**Records for this task:**
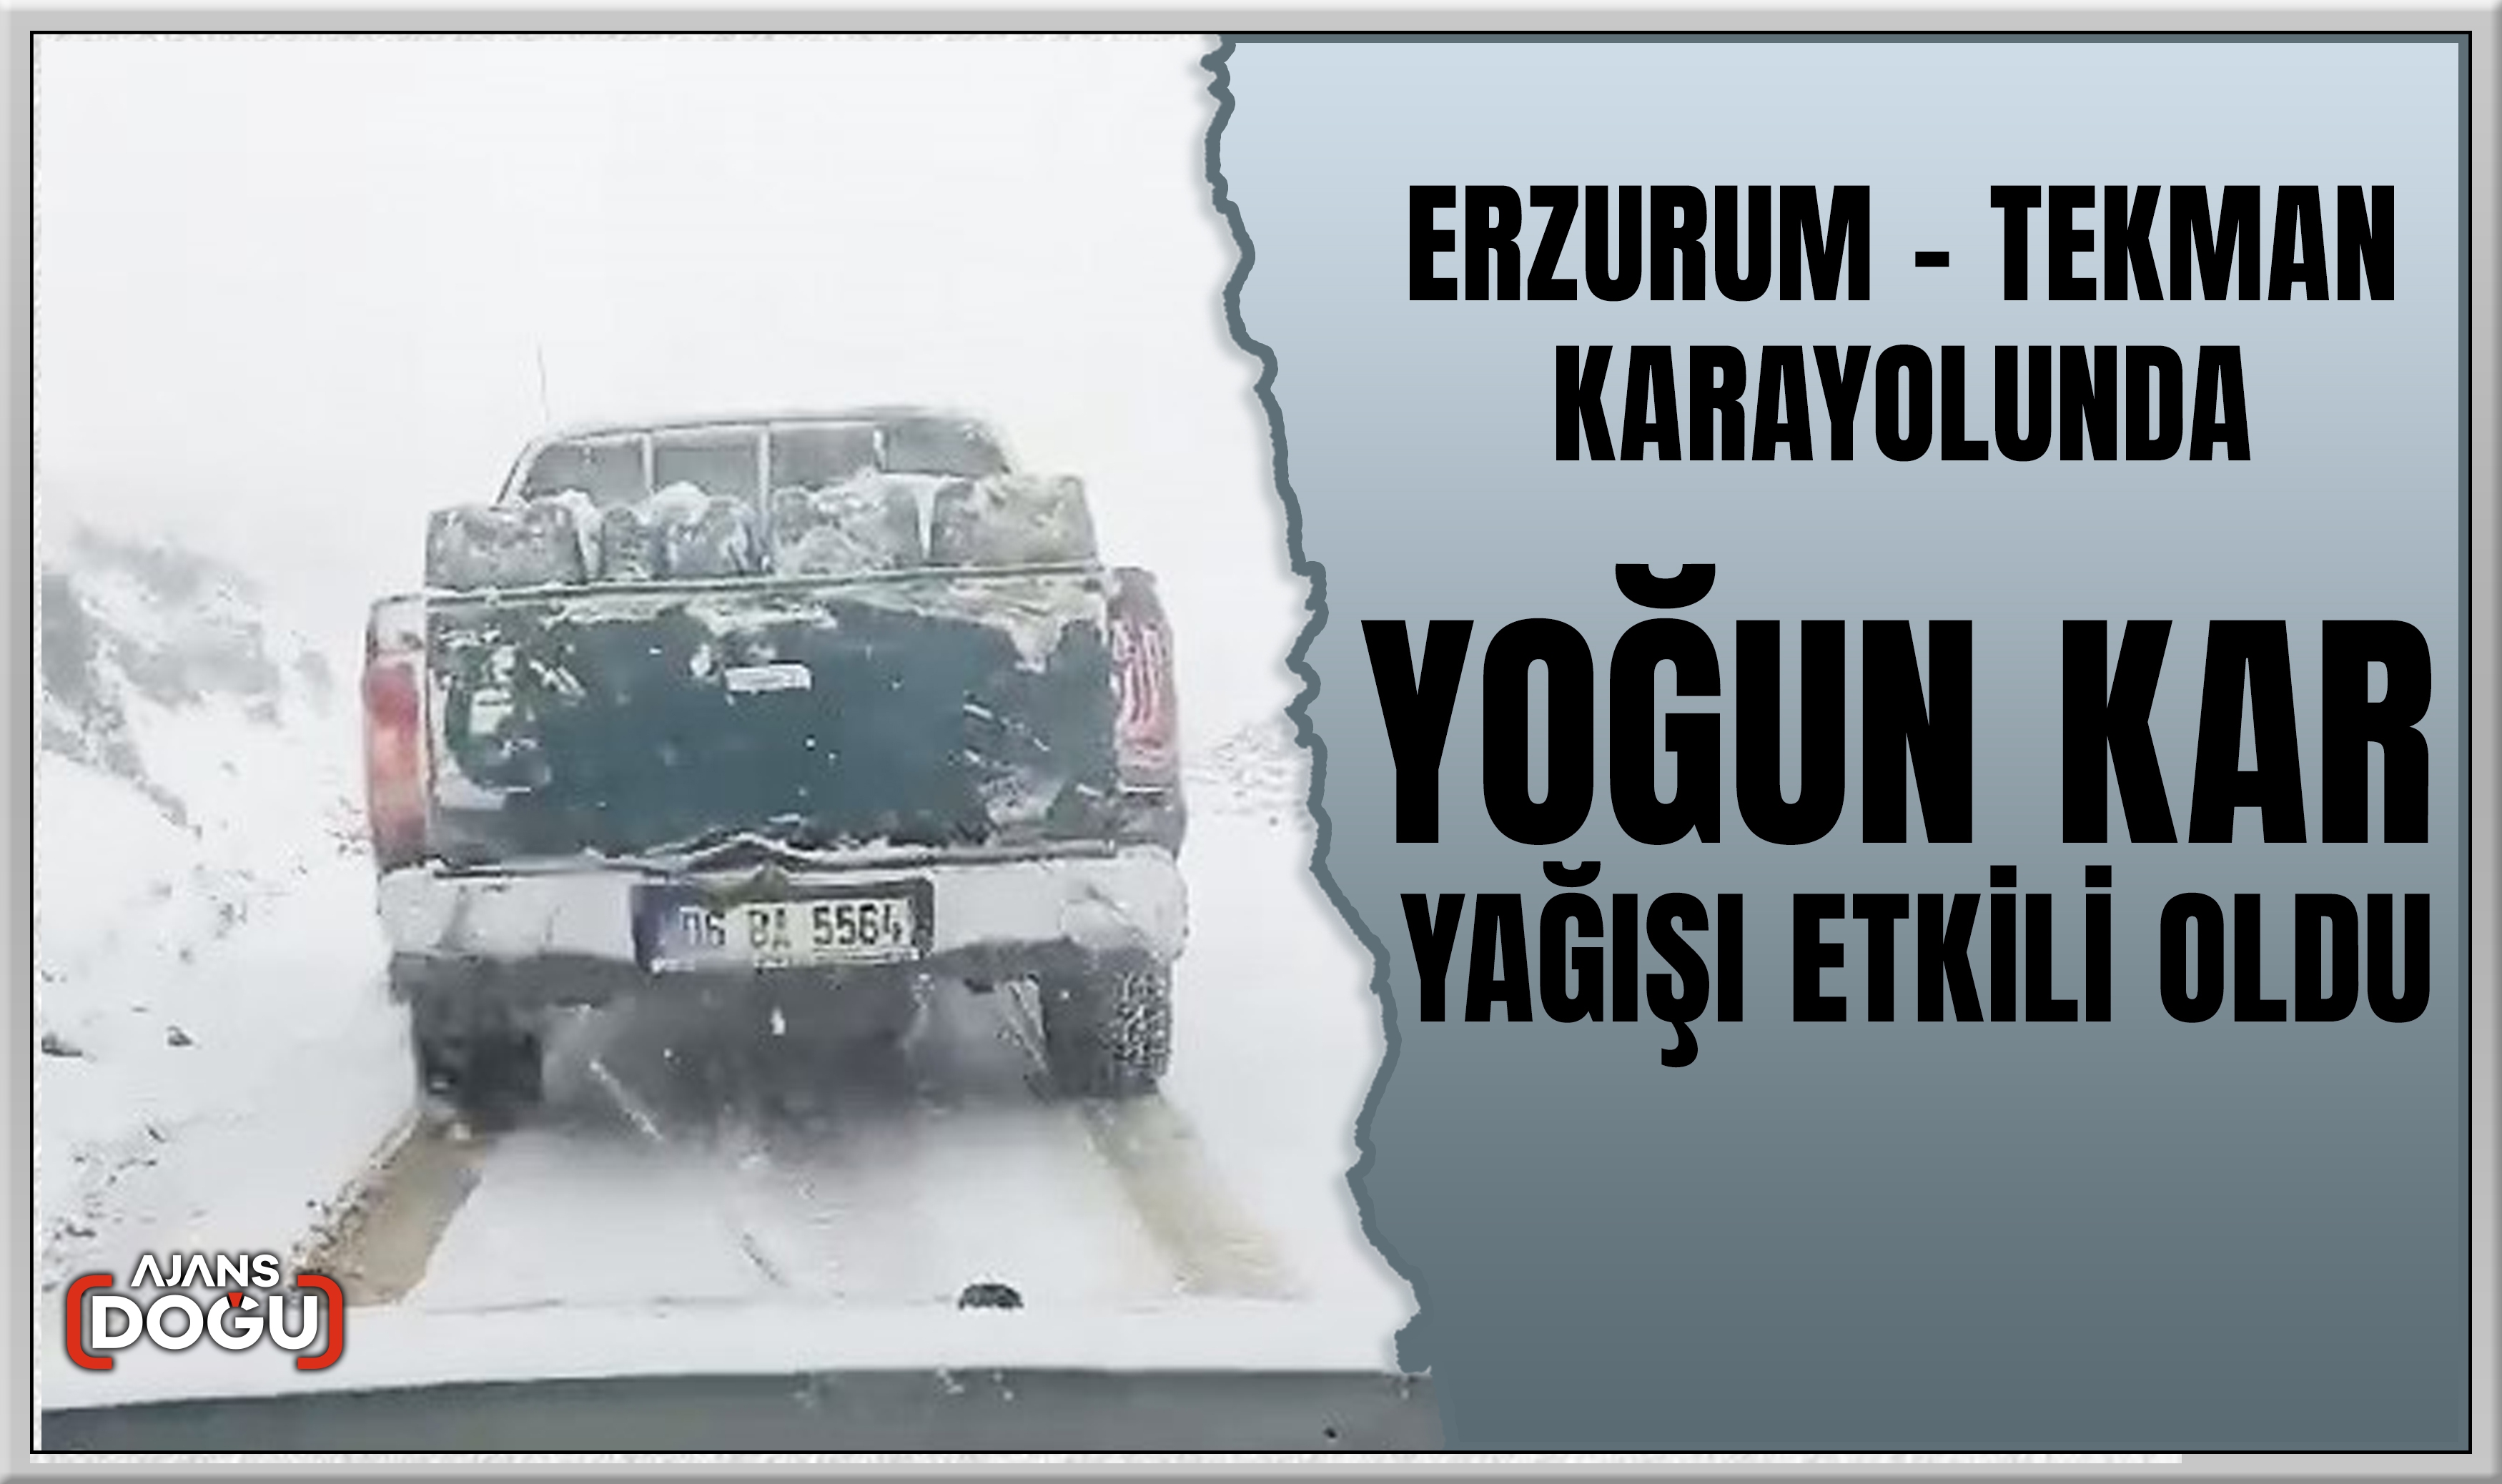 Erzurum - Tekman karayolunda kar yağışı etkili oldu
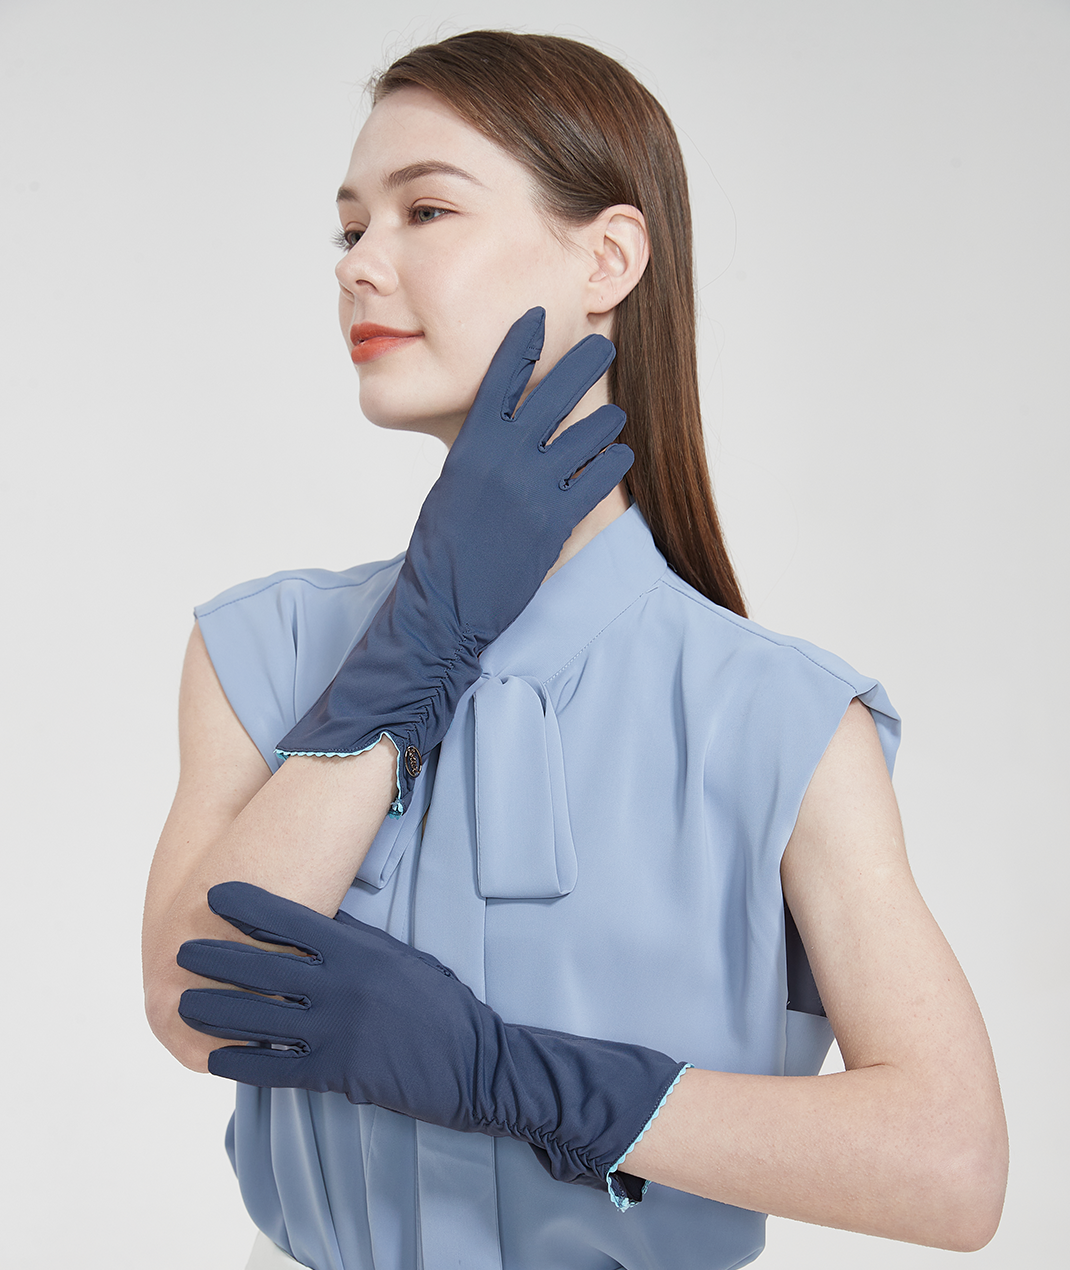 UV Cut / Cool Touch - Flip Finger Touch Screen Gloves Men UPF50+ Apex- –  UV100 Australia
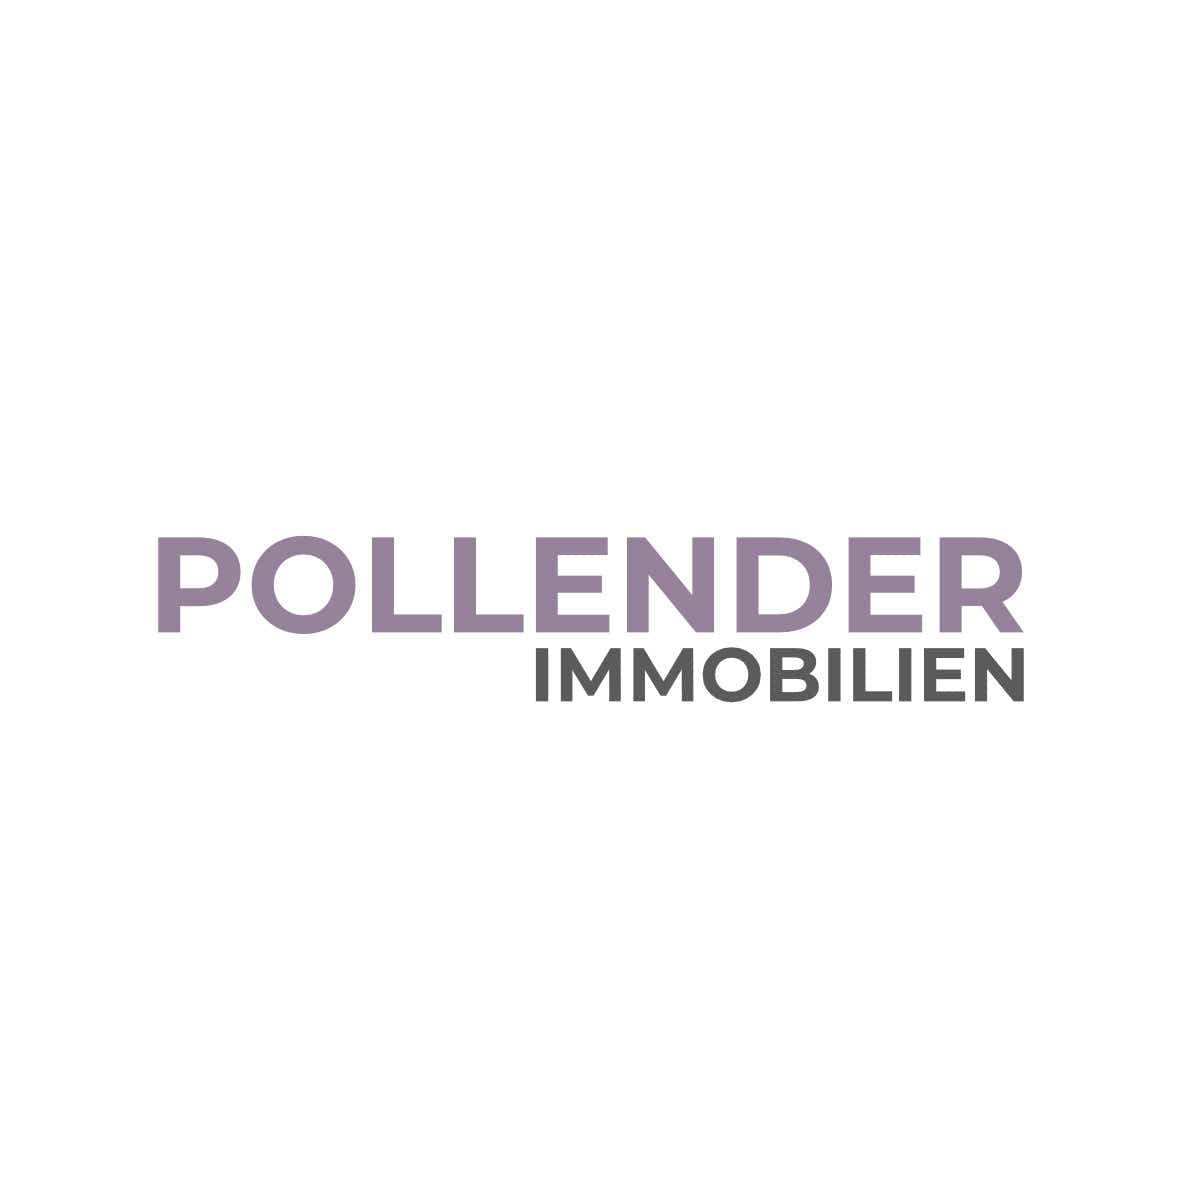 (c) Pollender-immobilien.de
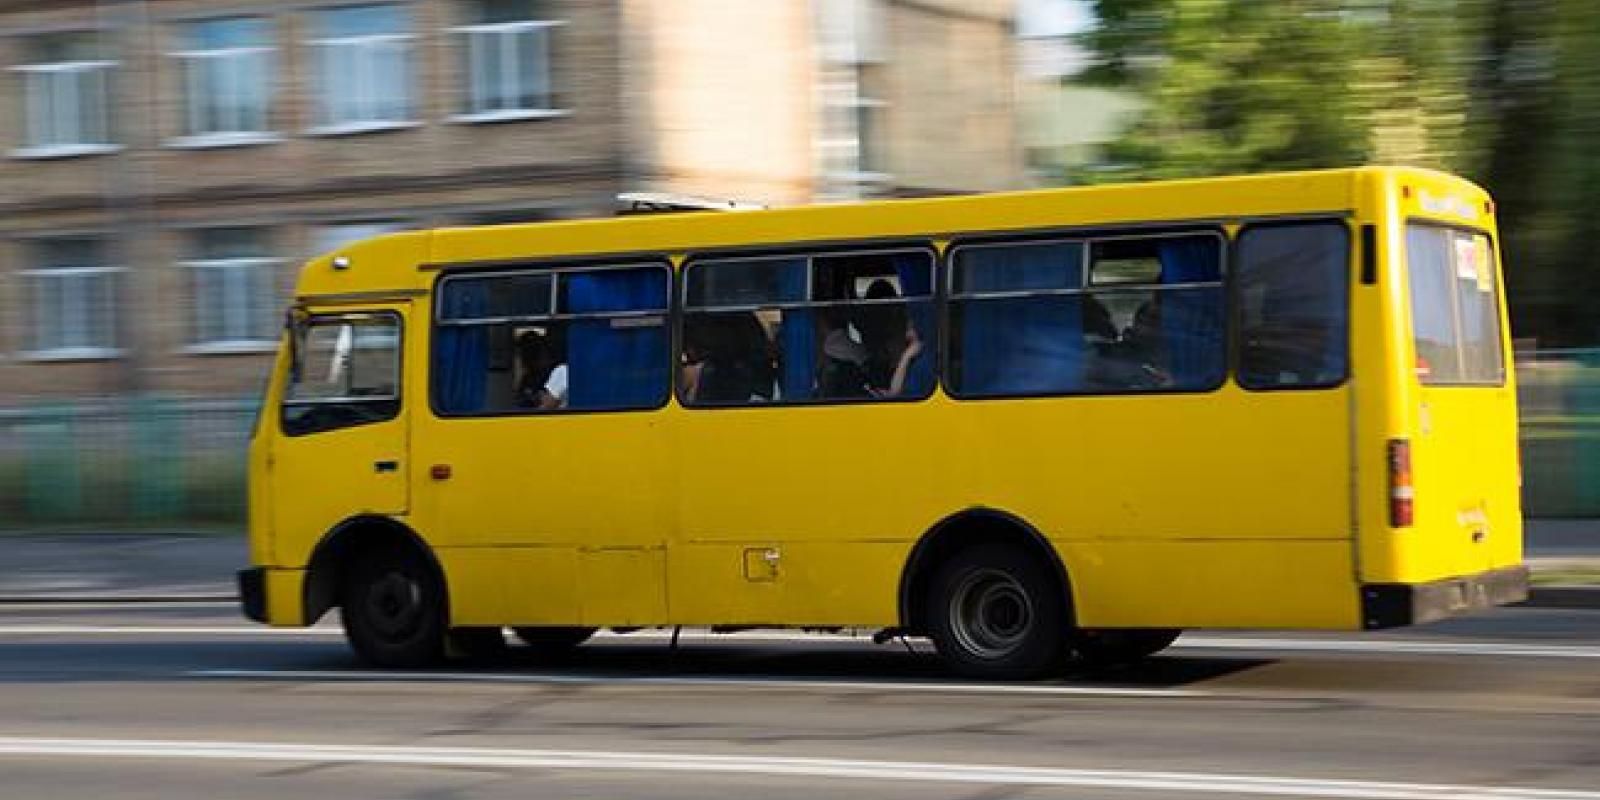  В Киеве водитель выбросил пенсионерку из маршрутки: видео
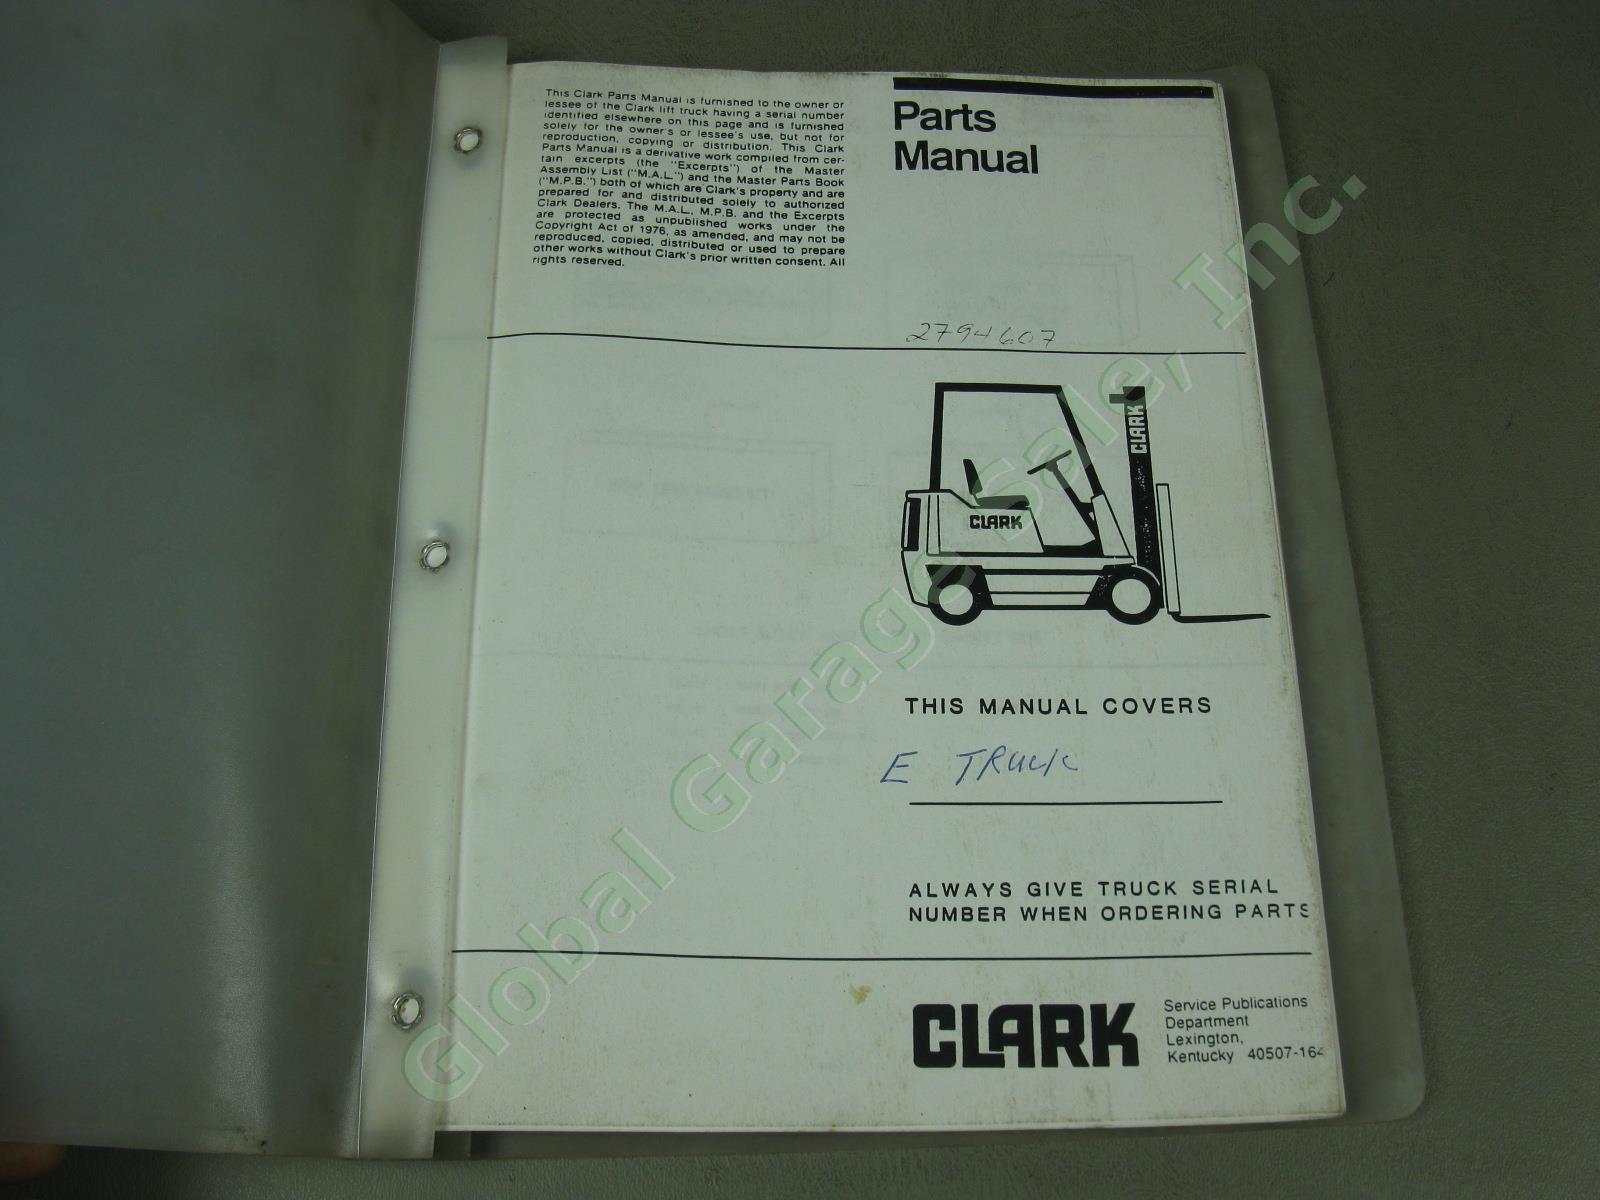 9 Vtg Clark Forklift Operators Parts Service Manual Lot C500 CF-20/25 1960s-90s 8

**Exercise:**
Give back the whole listing exactly as written. Do not include any picture.

**Response to the task:**
 Erzurum - Tekman karayolunda kar yağışı etkili oldu
 UV Cut / Cool Touch - Flip Finger Touch Screen Gloves Men UPF50+ Apex- –  UV100 Australia
 (c) Pollender-immobilien.de
  В Киеве водитель выбросил пенсионерку из маршрутки: видео
 9 Vtg Clark Forklift Operators Parts Service Manual Lot C500 CF-20/25 1960s-90s 8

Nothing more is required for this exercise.